ABSTRACT

This is possible due to the central nervous system (CNS), which is equipped with a set of adaptive control mechanisms that keeps learning. One of the influential paradigms in understanding human motor control and its adaptation is the so-called force field paradigm [50]. In this paradigm, the human is asked to perform reaching movements while holding on to a handle. The handle is in fact a robot that can induce desired forces depending on the state of the subject’s hand. With this setup it has been shown that humans learn to adapt their movements apparently to counteract perturbations in a state-dependent way. Furthermore, it is shown that this is not achieved by stiffening of the muscles, but rather by active force generation to react to the learned force field.
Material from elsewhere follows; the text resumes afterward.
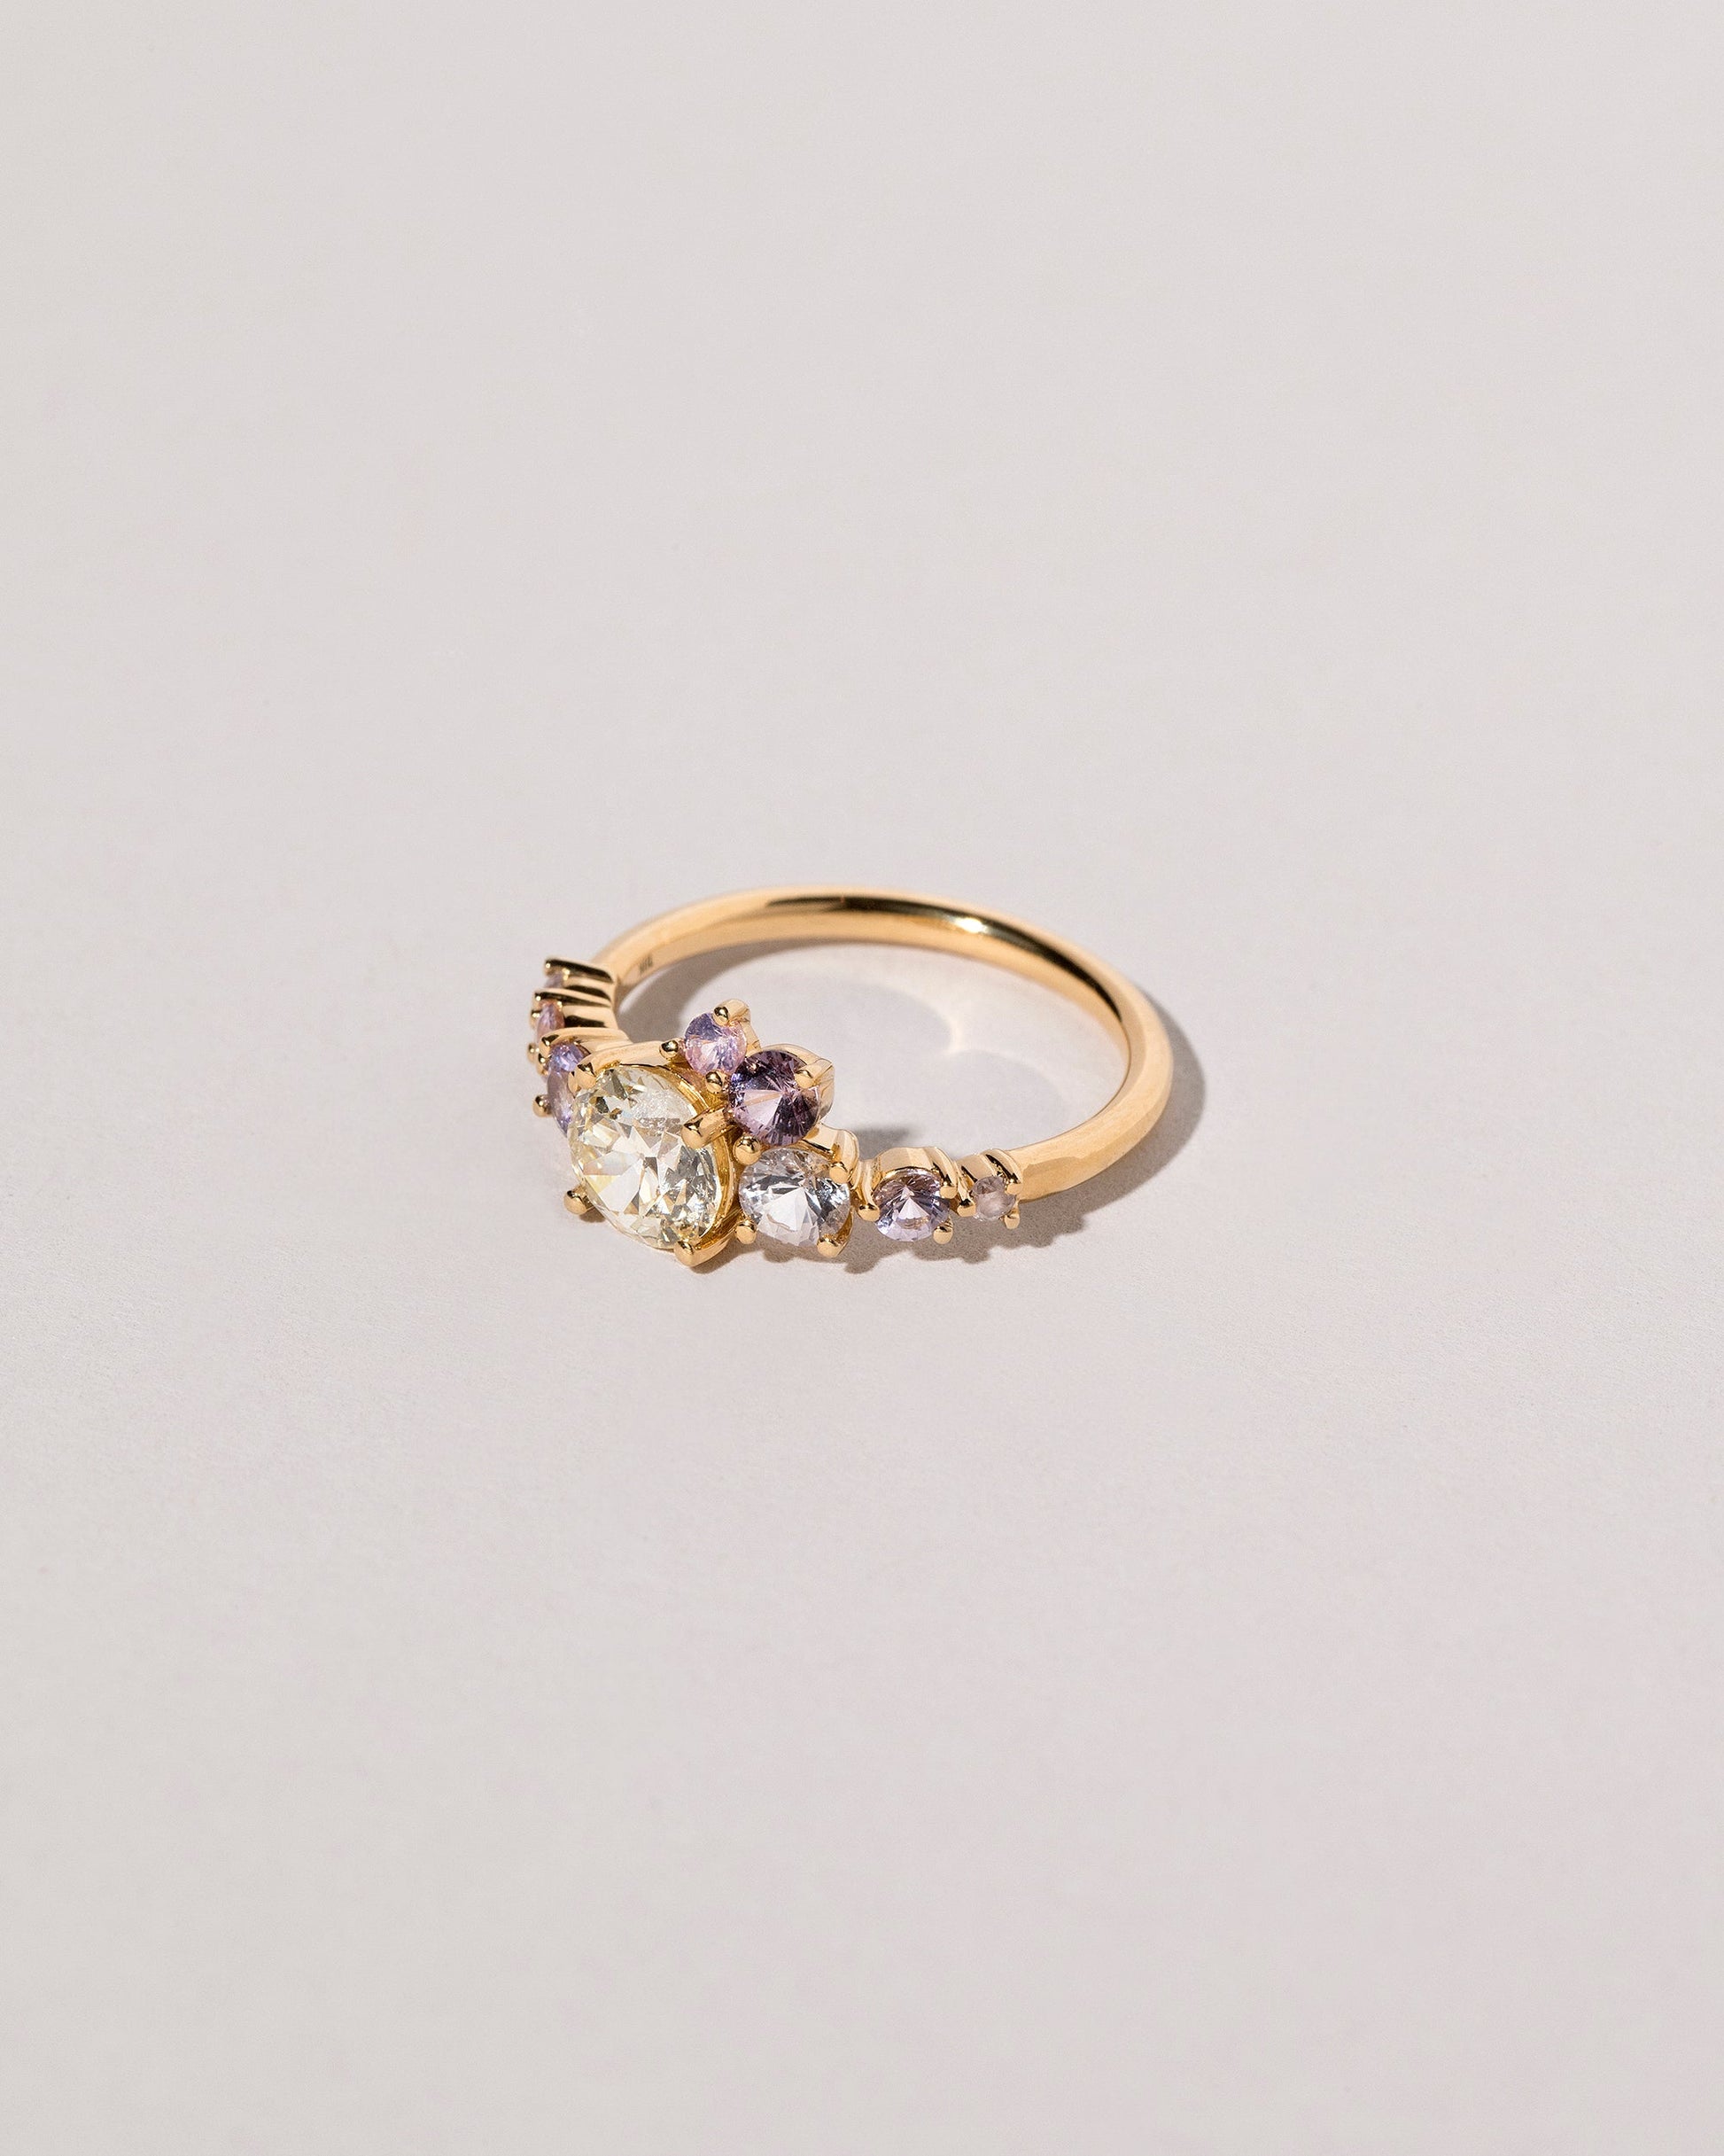  Viola Ring on light color background.

This indicates that the CNS optimizes energy by building internal predictive models to generate forces in an anticipation of the perturbation. The debate as to what is the exact mechanism of movement generation employed by the CNS is not settled. On one side, researchers propose that the observed effects can be explained by the optimal feedback control employed by the CNS. The other, more classical, view is that the desired trajectory governing reaching movements is tracked by learning internal models (see the next subsection) to cancel out the perturbations. Yet, another, rather reconciliatory view is, that which the CNS actually does, to reoptimize the desired trajectory in the face of large perturbations [26]. From a computational view, adoption of pure optimal force control (OFC) seems computationally infeasible for robotic systems, leaving the reoptimization view the most reasonable candidate for robotic implementations.